Why? Because productivity growth means being able to make more with what we have, which is the best solution to the biggest economic issue of our time: inflation.

After all, there are two sides to this inflation problem: too much demand and too little supply. Instead of the Reserve Bank beating down our appetite for goods and services through ramping up interest rates, wouldn’t it be nice if businesses could simply produce more with the workers and equipment they already had, therefore keeping prices in check?

We could work longer hours and maybe even put our machines under more strain, but we can only do that for so long: it would be like trying to run a marathon at sprinting speed.

That doesn’t mean we should abandon all hope.

Instead, to curb price rises, and to lift our living standards over time, we need to improve productivity. Like a marathon runner improving their running technique, we need a way to get faster or better at what we do. A crucial way of doing this is through discovering and using new technology that helps us pump out more, or better quality, goods and services, in a way that can be maintained.

The most influential of these tools (those that have transformed the way we live) are called General-Purpose Technologies – or GPTs for short. The steam engine, cars, electricity and the internet all count as GPTs, because they were widely adopted and became crucial pieces of technology which dramatically yanked up our productivity.

We may not consciously think about it. But imagine what our lives would look like today without electricity, internet and cars. We would be slower, have much less information at our fingertips and would find it harder to work once the sun sets.

As Andrew Leigh points out in his book The Shortest History of Economics, the journey to create the electric bulb itself shows how our productivity has improved. In prehistoric times, producing as much light as a regular household lightbulb using wood fire would have taken our ancestors about 58 hours of foraging for wood. Today, it takes less than a second of work to earn enough to flick a household light bulb on for an hour.
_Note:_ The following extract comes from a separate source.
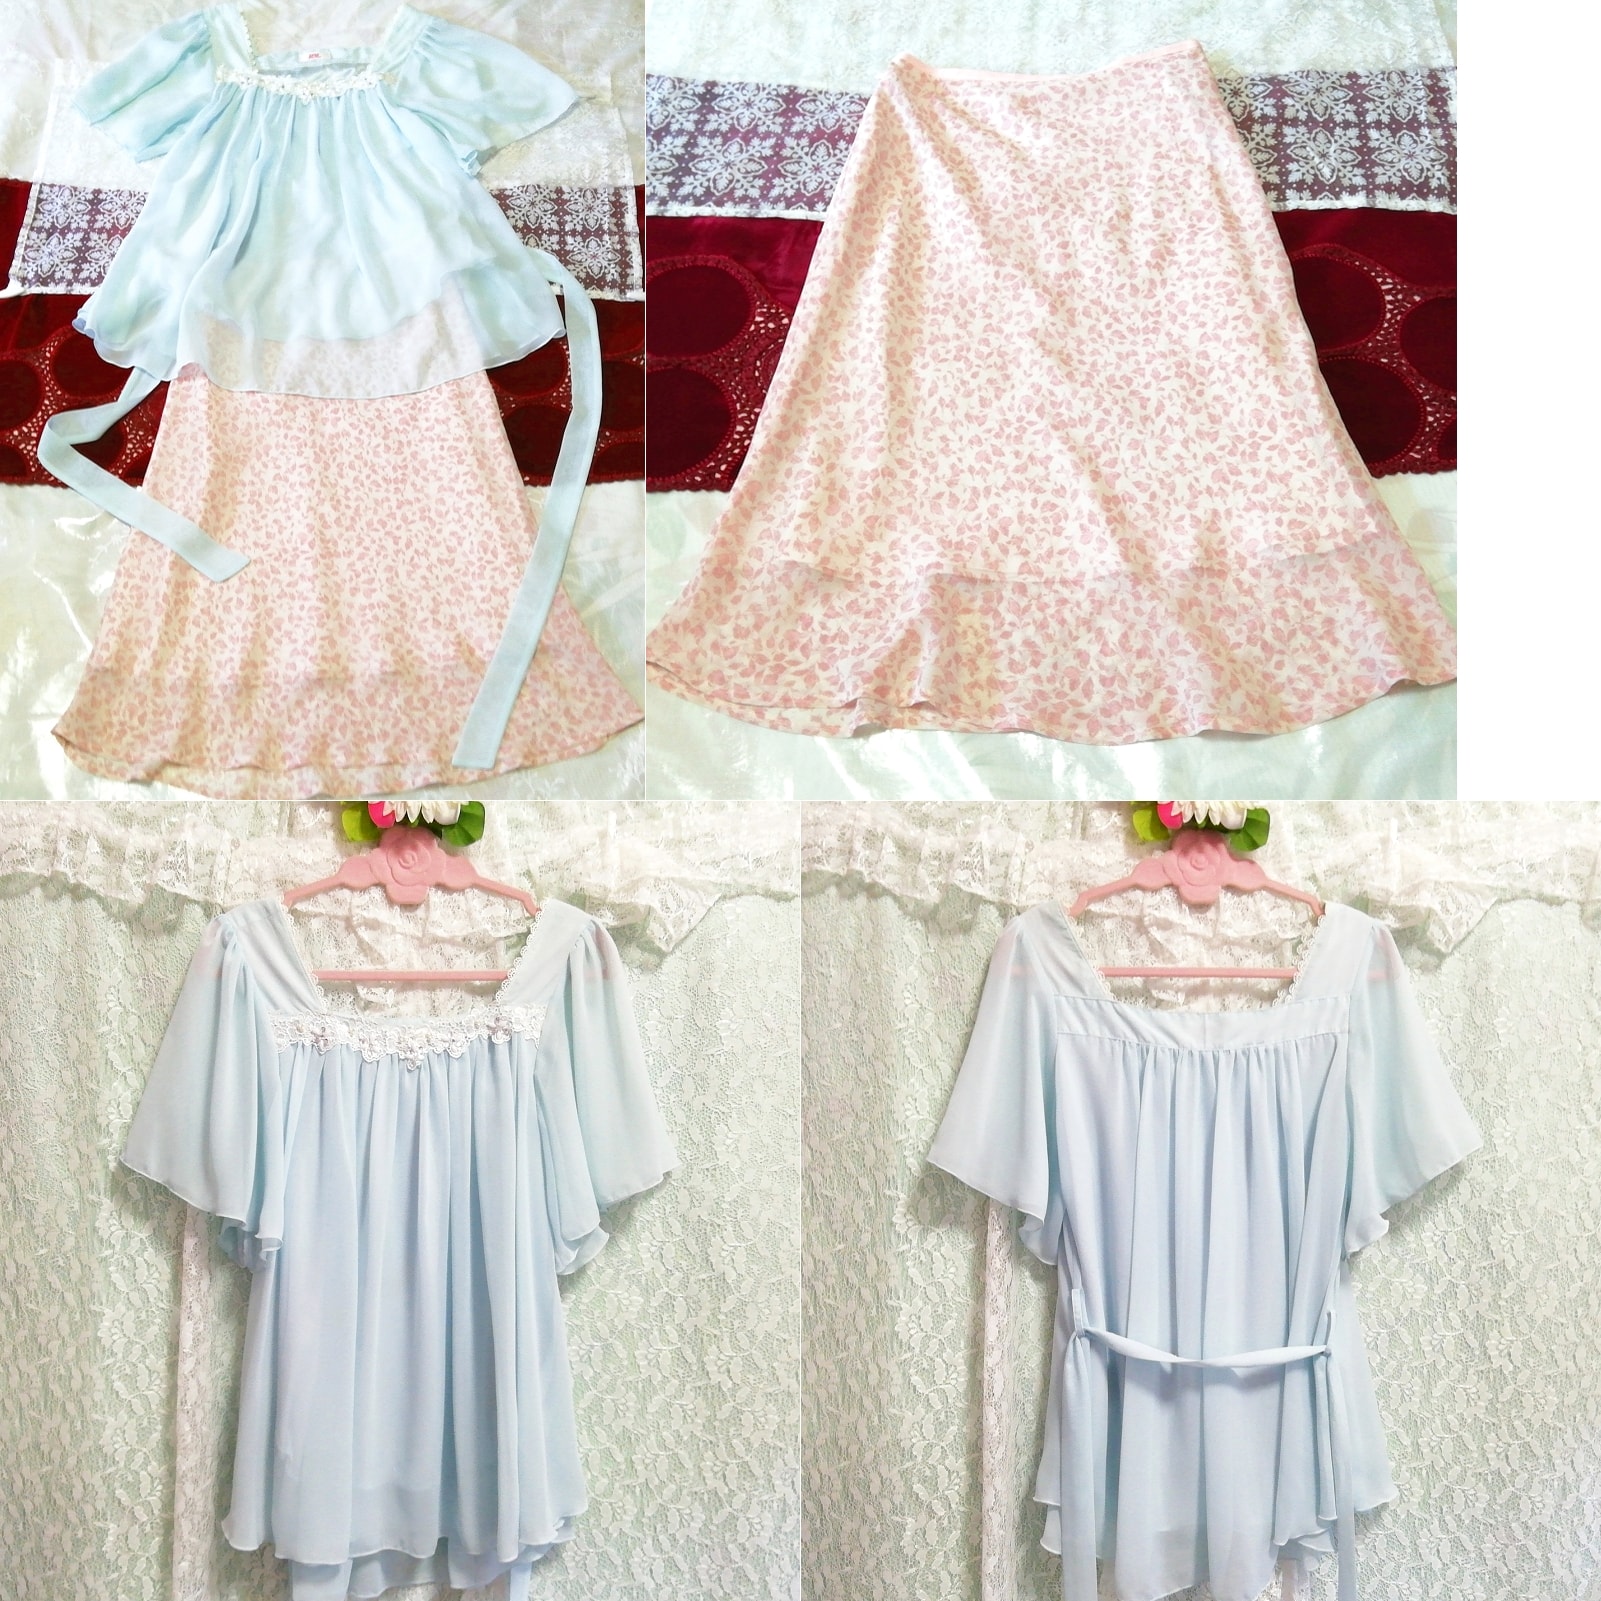 연청색 쉬폰튜닉 네글리제 나이트가운 나이트웨어 핑크꽃무늬 스커트 2P, 패션, 숙녀 패션, 잠옷, 잠옷

ChatGPT is an example of a tool that could become a general-purpose technology. But the “GPT” in its name actually stands for “generative pre-trained transformer”: a fancy way of saying a piece of software trained using huge amounts of data to offer up human-like answers to questions like mine.

During the pandemic, there was a short-lived surge in the take-up of cloud computing (IT services that businesses can use without owning or running the physical servers, hard drives and networks required themselves). But generally, Australian businesses are behind the curve when it comes to adopting new technologies – and we don’t develop much of it ourselves.

That doesn’t mean we should abandon all hope. Instead, we need to think about the drivers of, and barriers to, adopting technologies such as cloud computing and artificial intelligence: two GPTs in the making.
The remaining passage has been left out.